Thursday, December 8, 2016

The secrets that the Soviet Union took with them




Nearly 25 years have passed since the once-powerful Soviet Union ceased to exist, but its secrets and mysteries still excite the imagination of many people.

Sputnik tells you some of these stories that could be proven or disproved over time, once the archives of the no less mysterious and dreaded KGB are revealed, which still remain under the seal of 'Top Secret'. Until then, all we have left is to make assumptions.

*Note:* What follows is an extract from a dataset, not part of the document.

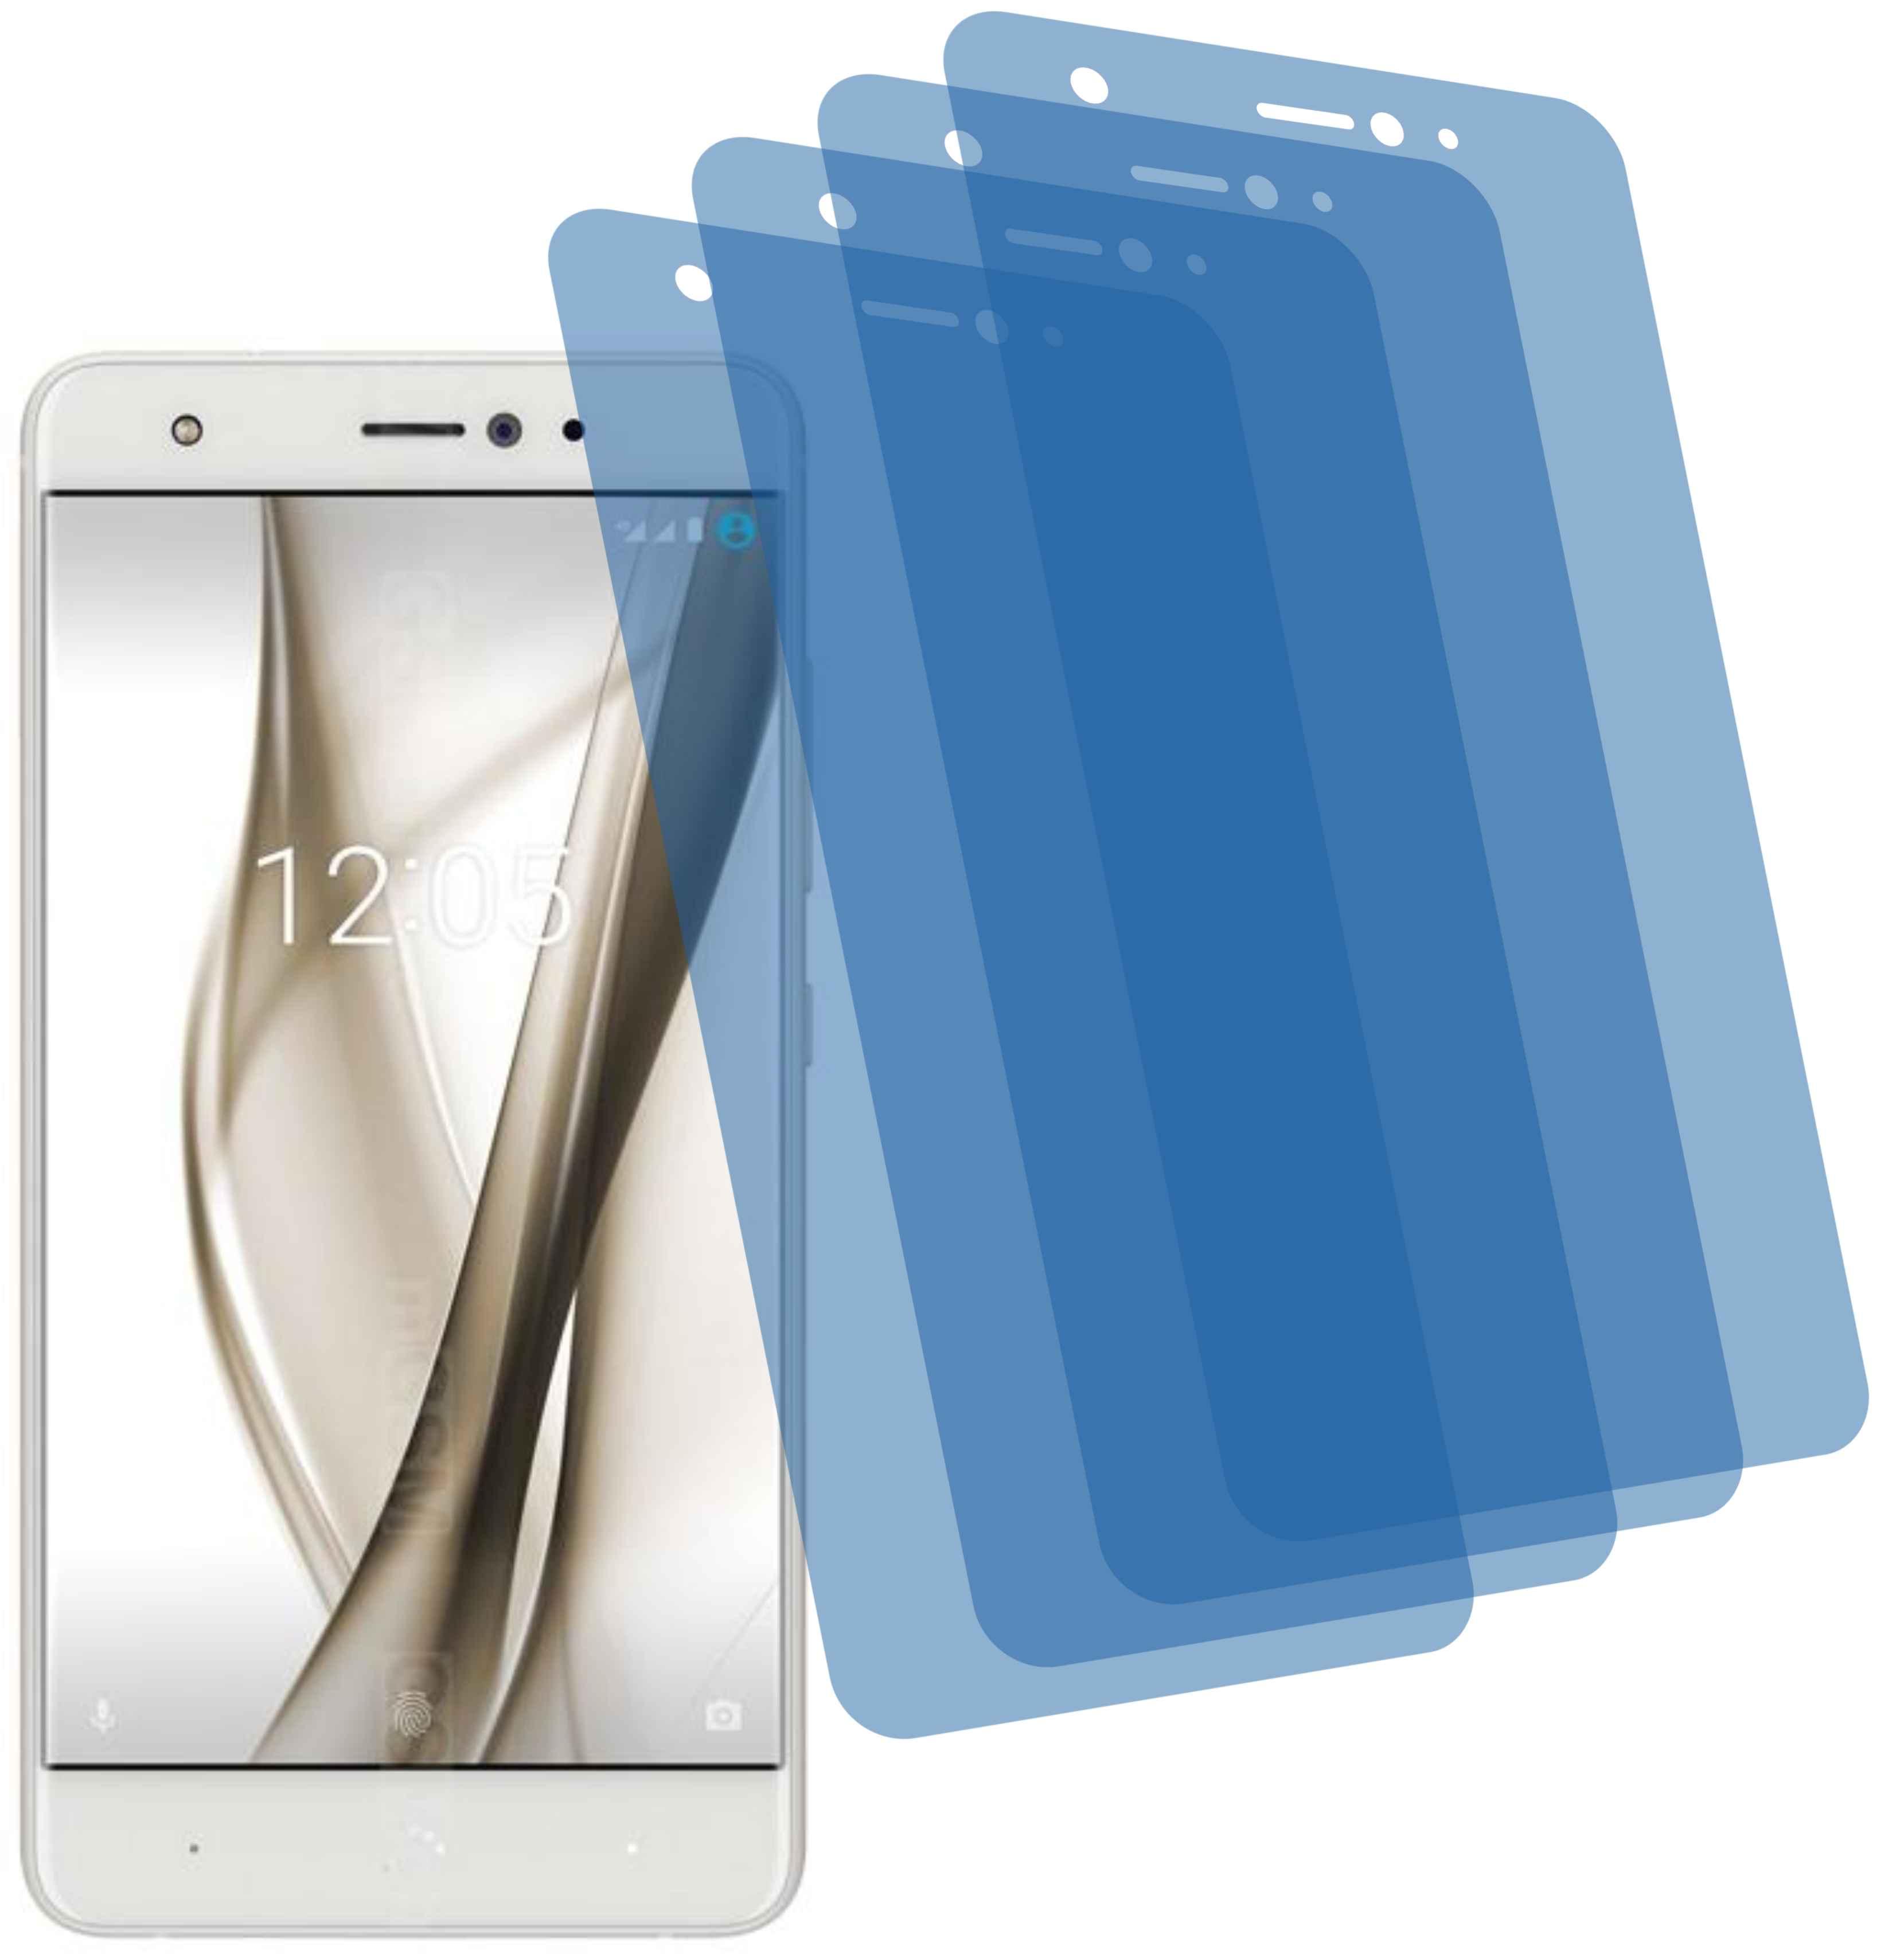 4x Displayschutzfolie antireflex für bq Aquaris X Pro

The Treasure of the Communist Party
These are large gold reserves, supposedly belonging to the Communist Party of the Soviet Union, which after their disintegration were plundered and distributed among a narrow circle of people. The hypothesis was first mentioned by the publicist Alexéi Konstantínov and became a hot topic in the early 90's, serving as an argument for series and documentaries. It is rumored that then interim Prime Minister of Russia Yegor Gaidar hired the detective agency Kroll Associates to investigate the fate of such a treasure, but the investigation yielded no results.

Nuclear briefcases
In 1997 General Aleksandr Lebed mentioned in a conference that in the time of the USSR "about 100 briefcases" were elaborated that apparently they appeared like a common baggage, but that in their interior contained small nuclear bombs. To the greater concern of those present, he revealed that at least half of these were lost after the disintegration of the Union. Later, the Russian Ministry of Defense denied such information, assuming that Lebed actually referred to mines. Be that as it may, that story still does not let many speculators sleep.

The Caribbean Crisis
We have all heard about that moment in which the world was at the point closest to total annihilation. More than half a century later, the archives of the negotiations between Fidel Castro, John Kennedy and Nikita Khrushchev are still classified. Knowing them could shed light on what lessons the parties learned from that conflict and the reasons that led the USSR to establish its nuclear missiles in Cuba, just 90 miles (about 144 kilometers) off the US coast.

How real was the possibility of mutual nuclear extermination?
Even after the Caribbean Crisis, the world has been, on more than one occasion, on the verge of a nuclear apocalypse. One of the most known cases occurred on September 26, 1983, when the Soviet Union's defense systems indicated that the United States had launched a nuclear attack. The lieutenant colonel on duty that day, Stanislav Petrov, thought that "no one starts a nuclear war with only five missiles" and decided not to activate the protocol of response. Different sources refer to about a dozen similar failures in control systems, both in the US and in the USSR, but apparently the human factor has always kept us safe. Until now.

The Fleita program
After the dissolution of the Soviet Union, several Soviet scientists and researchers published their memoirs, several of which referred to a secret program called 'Fleita' -'flauta ', in Spanish. According to the monographs, the scientists had the mission to elaborate "psychotropic substances and biological agents for special operations of the KGB".

How big was the defense program of the USSR?
Throughout the USSR's existence, the US intelligence services tried to calculate the military expenditures of its counterpart. The communist system, for which what counts is not the value of commodities, but the human effort employed to obtain them, made it impossible to calculate them by conventional economic methods. According to the CIA, the military sector of the USSR reached 15-17% of its GDP in the late 1980s. Other sources raise that figure to an incredible 40%. Be that as it may, the military doctrine of the USSR has so far been the only one to achieve balance with the United States.

How far did the space program of the USSR come?
It is common knowledge that the Soviets were pioneers in most branches of space exploration. The first to launch an artificial satellite, a living being, a human, the first woman in space and the first living orbital station. The first to send a space probe to the Moon and photograph its hidden face, to reach other planets like Venus and Mars ... All this provoked endless conspiracy theories that suggest, in particular, that the Soviets were actually the first And even Mars and Venus, but that those projects were not revealed, since they were missions without a plan of return and the remains of the cosmonauts still remain somewhere in our solar system.